Kurban Bayramında kesilen koyunların kistli organları köpeklere yedirilmemeli,
yakarak imha edilmeli ya da derin bir çukura gömülmelidir.
Hastalık İnsanlara Nasıl Bulaşır?
Paraziti taşıyan
köpek, kedi, çakal, tilki, kurt gibi hayvanların dışkısı ile parazitin
yumurtaları etrafa saçılır. Kurumuş köpek dışkısı içindeki yumurtalar toz
halinde uçuşur ve rüzgar ile dağılarak insan yiyecek ve içeceklerinin üzerine
konabilir. Meyve ve sebze gibi yiyecekler, bu yumurtalarla kirlenir. Bu şekilde
kirlenmiş yiyeceklerin yenilmesi, suların içilmesi, rüzgar ile uçuşan
yumurtaların solunum yoluyla alınması ve paraziti taşıyan köpekler sevildikten
sonra ellerin iyice yıkanmaması gibi nedenlerle hastalık insanlara
bulaşır.
Hastalığın Belirtileri Nelerdir?
İnsanların
çeşitli organ ve dokularında oluşan kistler oluşur. Bu kistlerin içi sıvı dolu
olup nohut büyüklüğünden çocuk başı büyüklüğüne kadar değişik boyutlarda
olabilir. Hastalığın başlarında kistin küçük olduğu dönemlerde uzun yıllar
boyunca hiçbir şikayet yapmayabilir. Kist büyüdükçe; bulunduğu bölgeye ve
oluşturduğu baskıya göre belirtiler ortaya çıkar. Kistler en sık karaciğer ve
akciğerlerde görülürler. Nadiren dalak, karın zarı (periton), böbrek, kemik,
göz yuvası, beyin, kalp ve yumurtalıklara da yerleşebilir. Karaciğer
yerleşiminde karnın sağ üst kısmında ağrı, bulantı, kusma ve bazen kaşıntı,
sarılık gibi belirti görülür. Akciğer tutulumunda; solunum sıkıntısı, öksürük,
ağızdan kan gelmesi ve göğüs ağrısı olabilir. Diğer organ ve sistem
tutulumlarında da bu bölgelere ait tablolar ortaya çıkar. Örneğin kafa içi
tutulumlarda; baş ağrısı, kusma, şuur kayıpları görülebilir. Kalp tutulumunda
kalp ritm bozuklukları, enfarktüs bulguları, hatta kalp duvarında yırtılma
olabilir. Kemik tutulumlarında kırıklar olabilir. Kist patladığında alerjik
reaksiyonlar ortaya çıkabilir.
Hastalık Nasıl Teşhis Edilir?
Teşhis, hastanın
şikayetleri, muayene bulguları, röntgen bulguları ve kan tahlilleri ile konur.

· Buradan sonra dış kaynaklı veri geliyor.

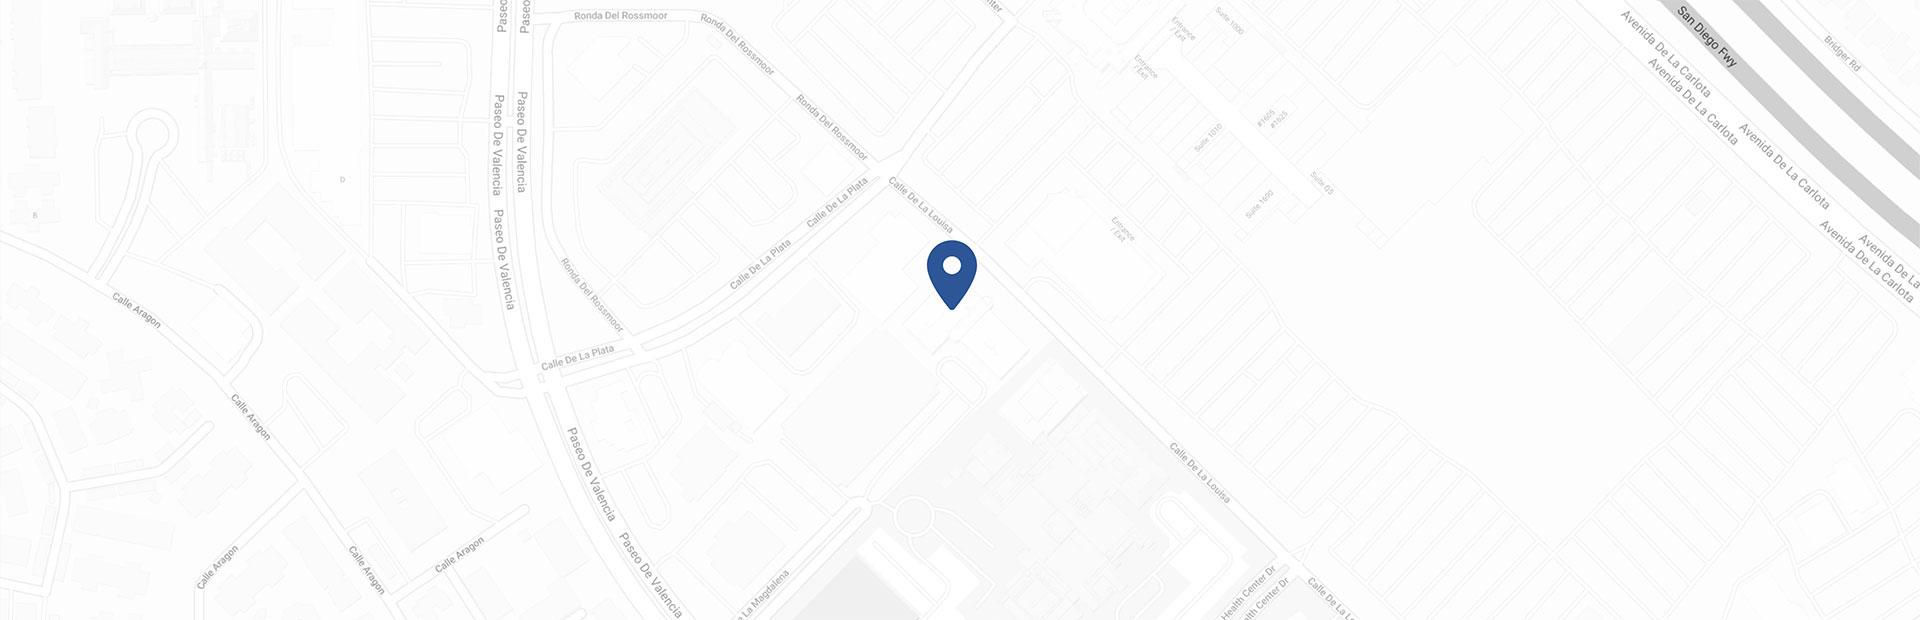 map-laguna-hills-location

Kistik oluşumların ultrason ve tomografi ile ayrıntılı değerlendirilmesi
yapılabilir. Bu parazite karşı serumda oluşan antikorlara bakılır. Klinik ve
radyolojik bulgularla kist hidatik şüphesi oluşan hastalarda, sıklıkla
serolojik yöntemlere başvurulur.
Hastalığın Tedavisi Var Mıdır?
Kireçleşmiş kistlerde tedavi yapılmaksızın takip önerilir.
Bunlar dışındaki kistlerin tedavi edilmesi gereklidir. Ulaşılabilecek
bölgelerdeki kistler için ilk tercih edilecek tedavi cerrahi müdahale veya iğne
ile boşaltmadır. Ulaşılamayan bölgelerdeki kistlerde, çoklu organ
tutulumlarında, çok küçük kistlerde veya cerrahiye ve iğne ile boşaltmaya genel
durumu nedeniyle müsait olmayan hastalarda ilaç tedavisi kullanılabilir.” Dedi.